## SOURCE DATA

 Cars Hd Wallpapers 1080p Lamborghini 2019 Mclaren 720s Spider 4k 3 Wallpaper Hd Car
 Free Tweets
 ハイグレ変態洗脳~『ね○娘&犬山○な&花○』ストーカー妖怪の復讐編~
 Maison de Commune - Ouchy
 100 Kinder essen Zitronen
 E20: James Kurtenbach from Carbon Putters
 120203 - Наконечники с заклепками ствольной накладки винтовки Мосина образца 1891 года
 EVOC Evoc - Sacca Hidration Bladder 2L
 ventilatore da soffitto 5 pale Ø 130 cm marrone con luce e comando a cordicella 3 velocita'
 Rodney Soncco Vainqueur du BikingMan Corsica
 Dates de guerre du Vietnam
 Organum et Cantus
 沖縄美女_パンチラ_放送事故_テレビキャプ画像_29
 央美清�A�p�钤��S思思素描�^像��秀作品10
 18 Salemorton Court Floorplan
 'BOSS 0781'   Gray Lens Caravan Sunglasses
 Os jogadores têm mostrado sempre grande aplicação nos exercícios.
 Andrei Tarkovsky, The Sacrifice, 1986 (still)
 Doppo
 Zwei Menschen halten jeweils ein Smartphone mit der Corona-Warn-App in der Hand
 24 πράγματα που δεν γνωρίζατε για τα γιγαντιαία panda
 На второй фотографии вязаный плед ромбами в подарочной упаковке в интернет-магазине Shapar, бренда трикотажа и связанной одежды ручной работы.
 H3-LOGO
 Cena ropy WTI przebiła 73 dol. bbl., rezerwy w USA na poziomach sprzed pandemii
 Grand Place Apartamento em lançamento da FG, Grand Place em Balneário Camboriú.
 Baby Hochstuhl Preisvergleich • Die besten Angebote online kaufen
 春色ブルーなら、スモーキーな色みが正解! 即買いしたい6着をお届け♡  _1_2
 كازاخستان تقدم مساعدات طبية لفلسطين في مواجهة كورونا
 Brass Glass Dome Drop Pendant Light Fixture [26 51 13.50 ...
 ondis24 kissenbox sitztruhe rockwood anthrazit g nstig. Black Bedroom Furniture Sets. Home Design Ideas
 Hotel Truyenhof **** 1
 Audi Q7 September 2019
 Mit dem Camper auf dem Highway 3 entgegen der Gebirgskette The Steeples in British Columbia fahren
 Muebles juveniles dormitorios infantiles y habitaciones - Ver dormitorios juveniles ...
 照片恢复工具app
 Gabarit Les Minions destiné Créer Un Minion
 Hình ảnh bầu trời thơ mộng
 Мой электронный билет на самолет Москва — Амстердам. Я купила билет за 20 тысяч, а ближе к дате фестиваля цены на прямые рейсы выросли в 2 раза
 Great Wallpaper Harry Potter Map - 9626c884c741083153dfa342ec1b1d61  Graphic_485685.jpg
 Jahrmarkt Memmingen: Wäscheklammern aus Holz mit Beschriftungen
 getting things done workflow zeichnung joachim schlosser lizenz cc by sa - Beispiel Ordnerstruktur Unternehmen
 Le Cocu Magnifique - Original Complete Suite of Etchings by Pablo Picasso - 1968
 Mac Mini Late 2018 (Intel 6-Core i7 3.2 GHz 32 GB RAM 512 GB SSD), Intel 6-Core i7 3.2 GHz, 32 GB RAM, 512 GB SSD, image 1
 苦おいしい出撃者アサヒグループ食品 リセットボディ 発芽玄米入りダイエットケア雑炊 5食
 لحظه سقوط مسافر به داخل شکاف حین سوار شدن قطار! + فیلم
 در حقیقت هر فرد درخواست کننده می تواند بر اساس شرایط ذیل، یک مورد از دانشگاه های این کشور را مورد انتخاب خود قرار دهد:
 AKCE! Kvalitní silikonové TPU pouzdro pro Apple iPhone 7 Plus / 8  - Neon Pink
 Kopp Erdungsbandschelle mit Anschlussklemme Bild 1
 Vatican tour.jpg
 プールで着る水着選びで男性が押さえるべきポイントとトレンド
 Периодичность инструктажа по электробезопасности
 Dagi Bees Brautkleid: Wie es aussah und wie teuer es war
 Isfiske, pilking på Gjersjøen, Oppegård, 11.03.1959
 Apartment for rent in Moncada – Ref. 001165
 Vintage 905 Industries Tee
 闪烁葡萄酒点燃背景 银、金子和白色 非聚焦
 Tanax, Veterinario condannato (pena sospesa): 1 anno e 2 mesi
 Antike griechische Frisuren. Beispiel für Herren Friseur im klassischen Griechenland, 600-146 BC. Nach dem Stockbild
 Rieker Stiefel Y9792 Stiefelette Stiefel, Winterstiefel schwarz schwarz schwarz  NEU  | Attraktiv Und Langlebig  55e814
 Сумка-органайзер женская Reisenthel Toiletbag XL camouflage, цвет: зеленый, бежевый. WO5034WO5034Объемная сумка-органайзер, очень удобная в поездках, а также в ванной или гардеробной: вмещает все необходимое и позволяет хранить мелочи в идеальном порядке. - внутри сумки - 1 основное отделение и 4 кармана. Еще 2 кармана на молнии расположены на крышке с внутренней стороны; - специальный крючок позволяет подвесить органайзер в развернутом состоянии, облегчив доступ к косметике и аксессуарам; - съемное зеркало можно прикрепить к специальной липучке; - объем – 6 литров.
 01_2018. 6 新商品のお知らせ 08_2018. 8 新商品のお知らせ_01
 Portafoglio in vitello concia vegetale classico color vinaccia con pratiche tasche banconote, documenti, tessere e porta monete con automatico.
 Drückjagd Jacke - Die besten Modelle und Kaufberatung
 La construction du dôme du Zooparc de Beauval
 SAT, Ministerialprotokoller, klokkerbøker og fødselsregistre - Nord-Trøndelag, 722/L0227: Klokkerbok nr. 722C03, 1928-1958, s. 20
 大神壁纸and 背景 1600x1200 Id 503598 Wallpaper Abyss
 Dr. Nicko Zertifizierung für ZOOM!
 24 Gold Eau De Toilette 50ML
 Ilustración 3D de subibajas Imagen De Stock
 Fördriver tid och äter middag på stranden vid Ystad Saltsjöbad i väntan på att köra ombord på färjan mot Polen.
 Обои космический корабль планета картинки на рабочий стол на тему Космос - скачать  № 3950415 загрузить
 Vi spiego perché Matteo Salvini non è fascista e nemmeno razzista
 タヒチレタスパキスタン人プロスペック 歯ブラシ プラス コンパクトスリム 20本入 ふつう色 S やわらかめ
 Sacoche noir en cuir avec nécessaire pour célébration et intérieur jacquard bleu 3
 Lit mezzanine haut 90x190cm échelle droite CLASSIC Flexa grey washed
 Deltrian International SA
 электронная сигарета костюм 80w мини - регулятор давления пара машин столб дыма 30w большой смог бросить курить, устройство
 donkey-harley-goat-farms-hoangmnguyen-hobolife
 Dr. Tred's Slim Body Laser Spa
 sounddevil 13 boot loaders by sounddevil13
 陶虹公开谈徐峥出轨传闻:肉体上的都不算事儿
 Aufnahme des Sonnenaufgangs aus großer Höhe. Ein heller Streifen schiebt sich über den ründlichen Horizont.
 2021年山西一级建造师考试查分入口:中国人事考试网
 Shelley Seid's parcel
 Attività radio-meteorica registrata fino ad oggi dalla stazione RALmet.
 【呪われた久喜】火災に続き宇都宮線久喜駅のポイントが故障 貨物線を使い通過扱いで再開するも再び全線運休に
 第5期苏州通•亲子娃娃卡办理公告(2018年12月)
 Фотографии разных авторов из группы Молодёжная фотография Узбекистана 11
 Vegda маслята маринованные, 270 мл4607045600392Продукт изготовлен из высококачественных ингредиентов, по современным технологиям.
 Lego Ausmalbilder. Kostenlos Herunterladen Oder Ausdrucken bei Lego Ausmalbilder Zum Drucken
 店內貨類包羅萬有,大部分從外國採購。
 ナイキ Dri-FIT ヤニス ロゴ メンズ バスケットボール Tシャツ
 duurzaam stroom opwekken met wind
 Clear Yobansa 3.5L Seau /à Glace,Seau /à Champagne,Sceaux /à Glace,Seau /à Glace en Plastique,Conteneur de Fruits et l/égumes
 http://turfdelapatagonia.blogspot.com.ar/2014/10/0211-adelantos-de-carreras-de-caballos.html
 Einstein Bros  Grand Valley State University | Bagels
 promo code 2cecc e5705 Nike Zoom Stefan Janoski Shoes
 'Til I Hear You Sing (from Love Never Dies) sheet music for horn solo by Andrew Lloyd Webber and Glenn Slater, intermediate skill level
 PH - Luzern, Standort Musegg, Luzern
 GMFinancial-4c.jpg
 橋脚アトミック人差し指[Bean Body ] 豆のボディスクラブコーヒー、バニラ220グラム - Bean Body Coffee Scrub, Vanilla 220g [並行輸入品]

## WHAT THIS TASK INVOLVES
Among the entries above, find the line with "E20: James Kurtenbach from Carbon Putters" and the line with "Grand Place Apartamento"; give again exactly these two lines and all lines between them.

## ANSWER SECTION
 E20: James Kurtenbach from Carbon Putters
 120203 - Наконечники с заклепками ствольной накладки винтовки Мосина образца 1891 года
 EVOC Evoc - Sacca Hidration Bladder 2L
 ventilatore da soffitto 5 pale Ø 130 cm marrone con luce e comando a cordicella 3 velocita'
 Rodney Soncco Vainqueur du BikingMan Corsica
 Dates de guerre du Vietnam
 Organum et Cantus
 沖縄美女_パンチラ_放送事故_テレビキャプ画像_29
 央美清�A�p�钤��S思思素描�^像��秀作品10
 18 Salemorton Court Floorplan
 'BOSS 0781'   Gray Lens Caravan Sunglasses
 Os jogadores têm mostrado sempre grande aplicação nos exercícios.
 Andrei Tarkovsky, The Sacrifice, 1986 (still)
 Doppo
 Zwei Menschen halten jeweils ein Smartphone mit der Corona-Warn-App in der Hand
 24 πράγματα που δεν γνωρίζατε για τα γιγαντιαία panda
 На второй фотографии вязаный плед ромбами в подарочной упаковке в интернет-магазине Shapar, бренда трикотажа и связанной одежды ручной работы.
 H3-LOGO
 Cena ropy WTI przebiła 73 dol. bbl., rezerwy w USA na poziomach sprzed pandemii
 Grand Place Apartamento em lançamento da FG, Grand Place em Balneário Camboriú.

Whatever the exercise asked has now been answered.